Exactly retype the lines below from the one containing "Les crins de" through the end of the listing. Leave pictures out.

#### [Data]
____

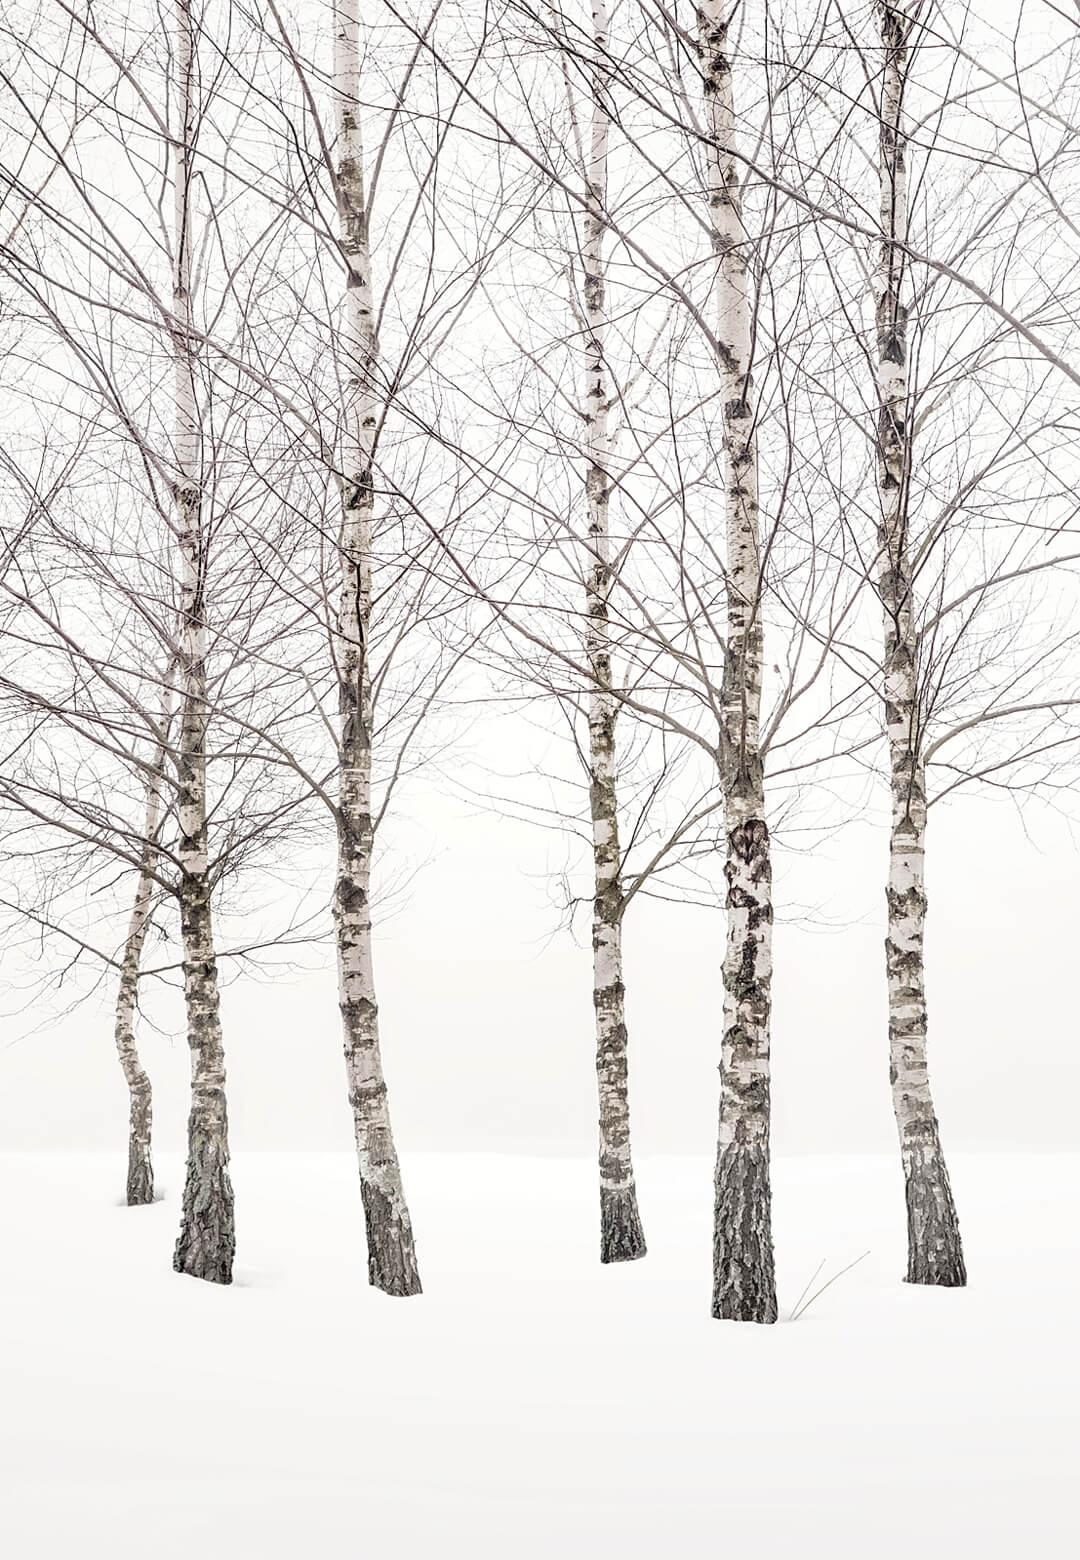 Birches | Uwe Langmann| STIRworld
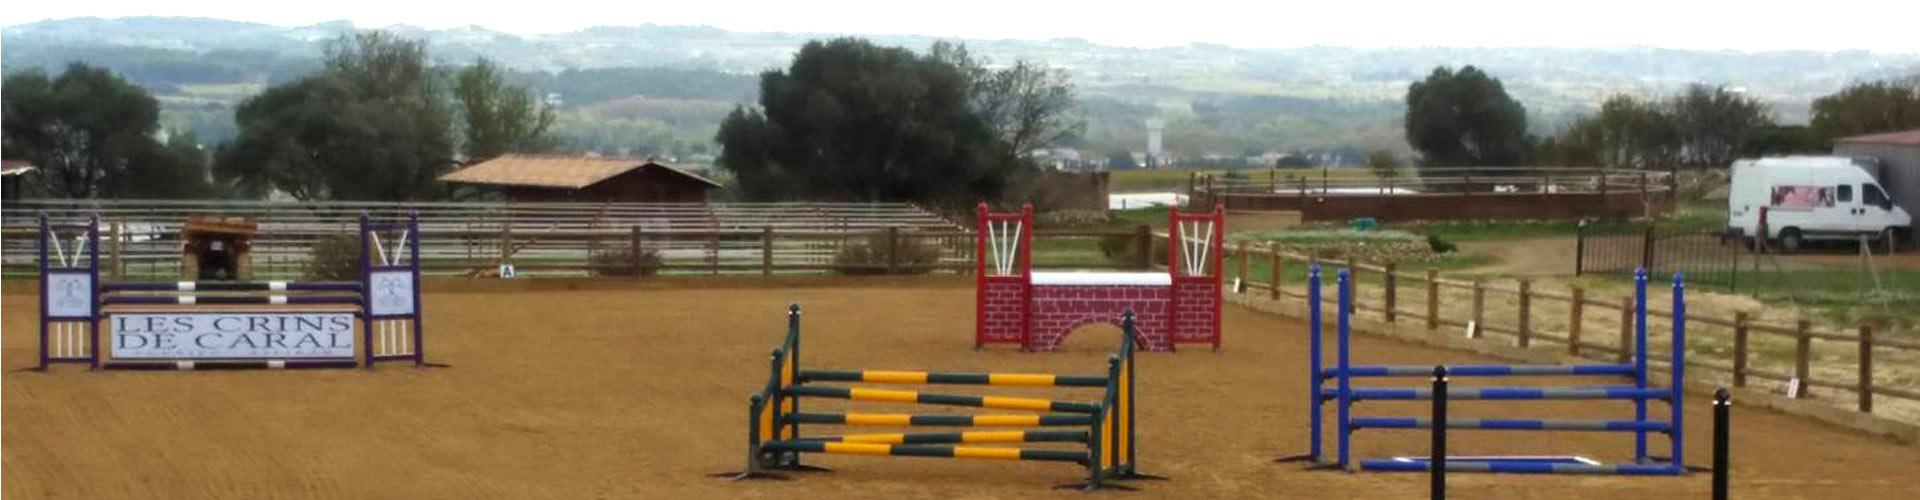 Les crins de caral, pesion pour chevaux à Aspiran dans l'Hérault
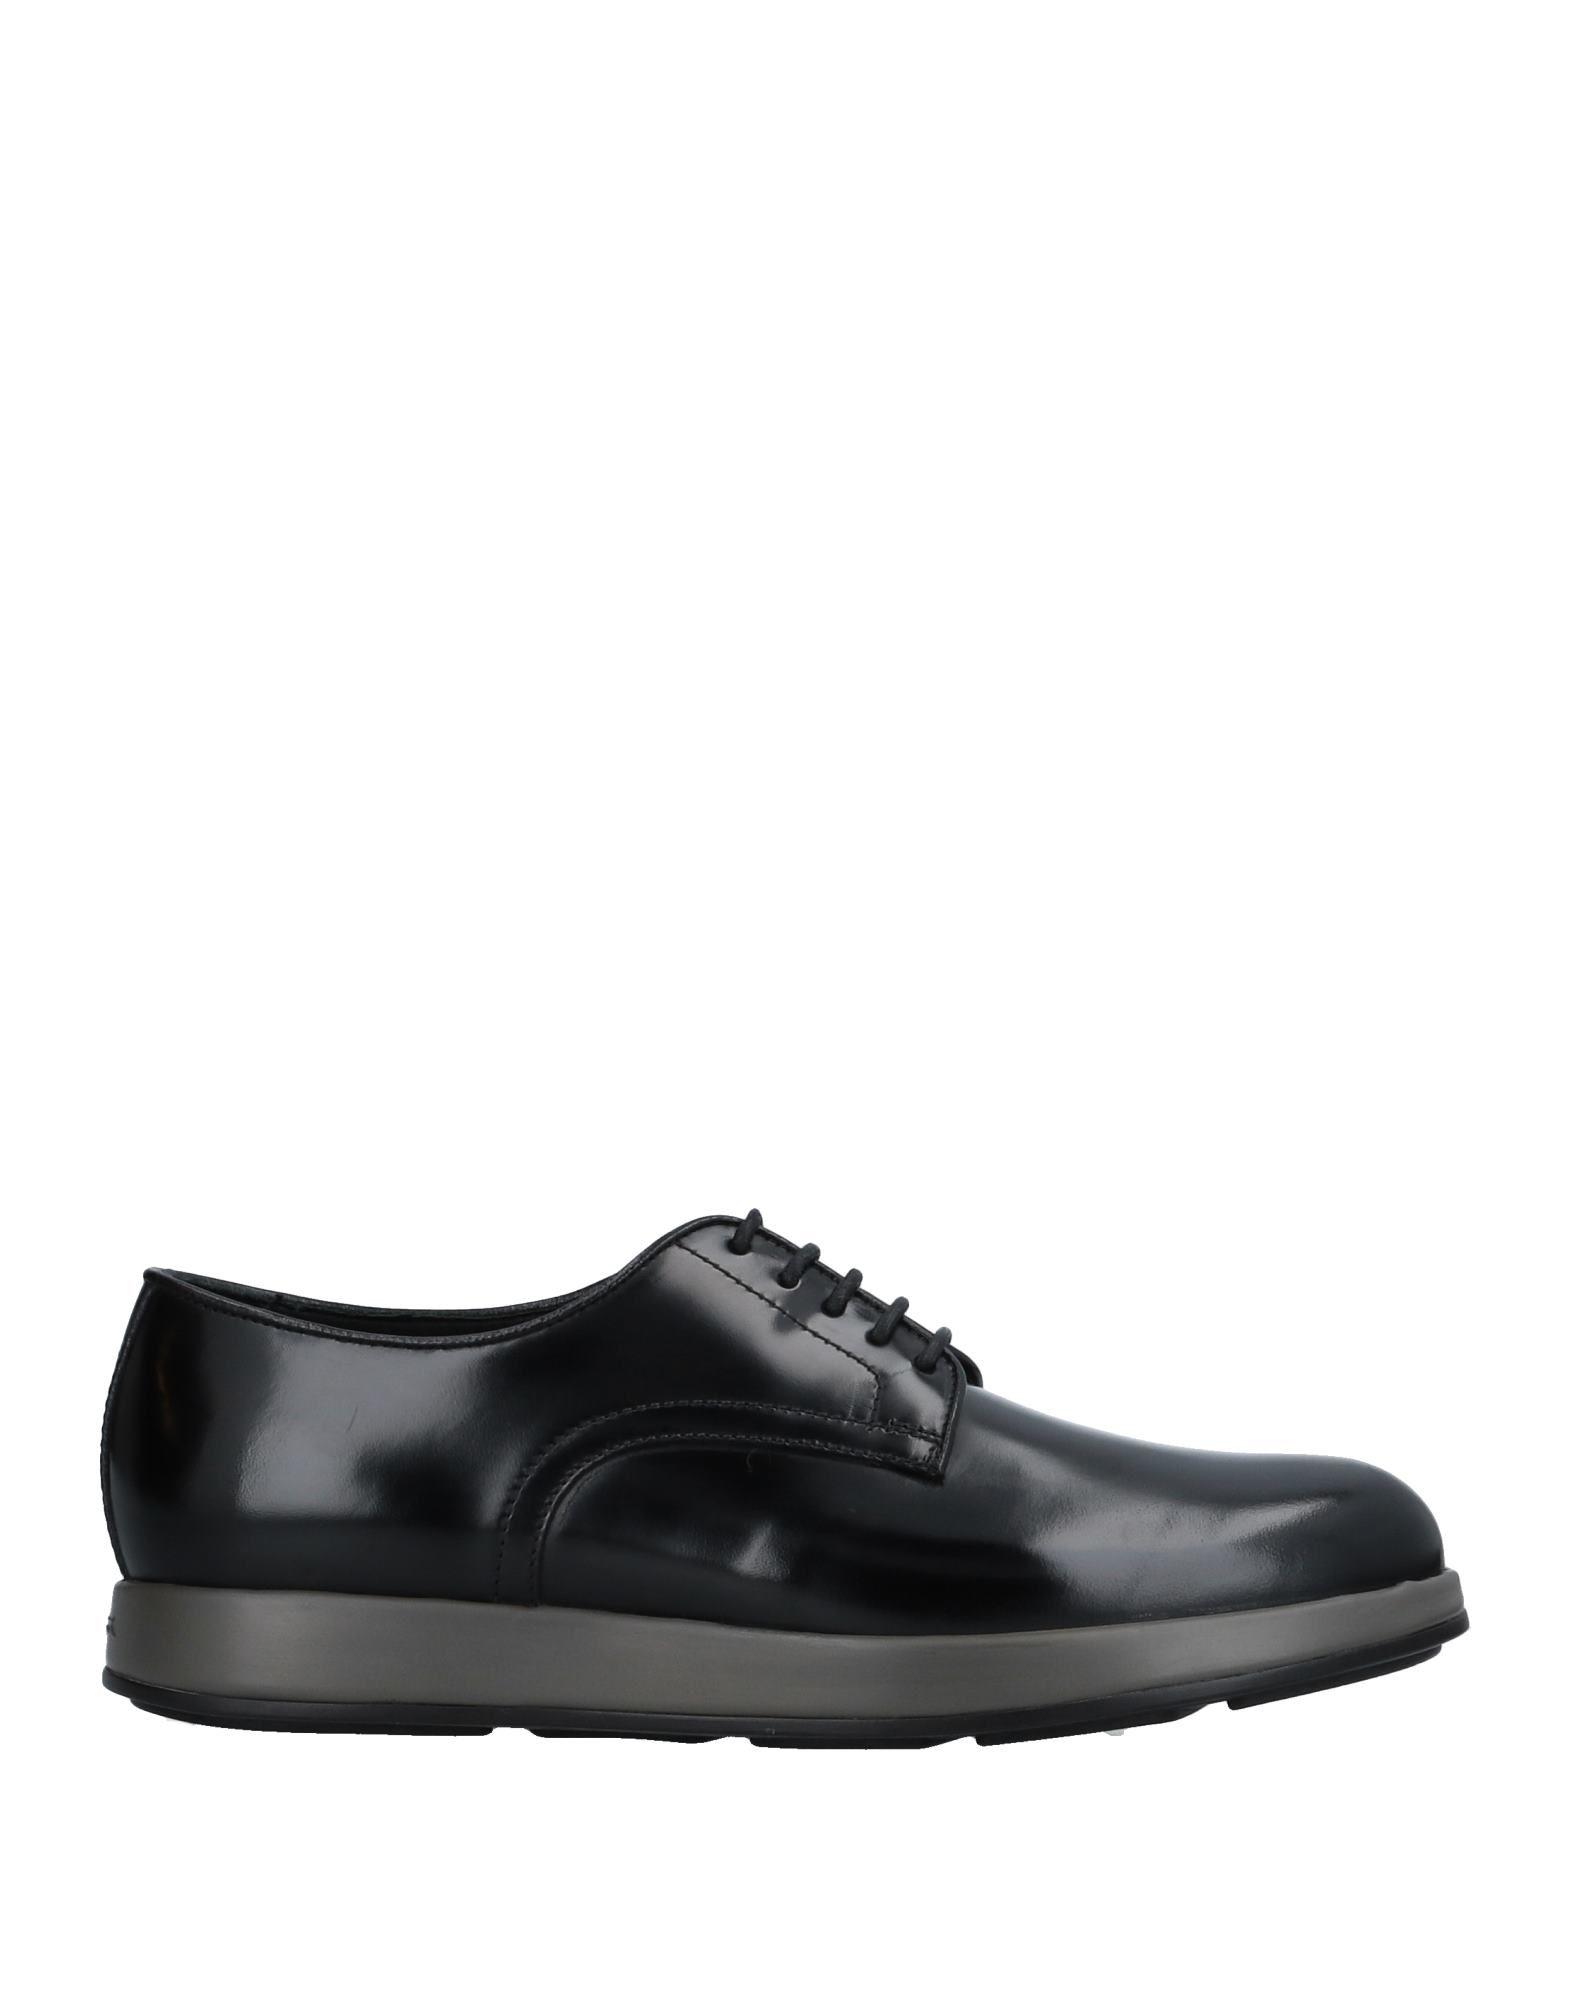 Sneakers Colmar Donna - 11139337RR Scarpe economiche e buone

____

#### [Response]
 Les crins de caral, pesion pour chevaux à Aspiran dans l'Hérault
 Sneakers Colmar Donna - 11139337RR Scarpe economiche e buone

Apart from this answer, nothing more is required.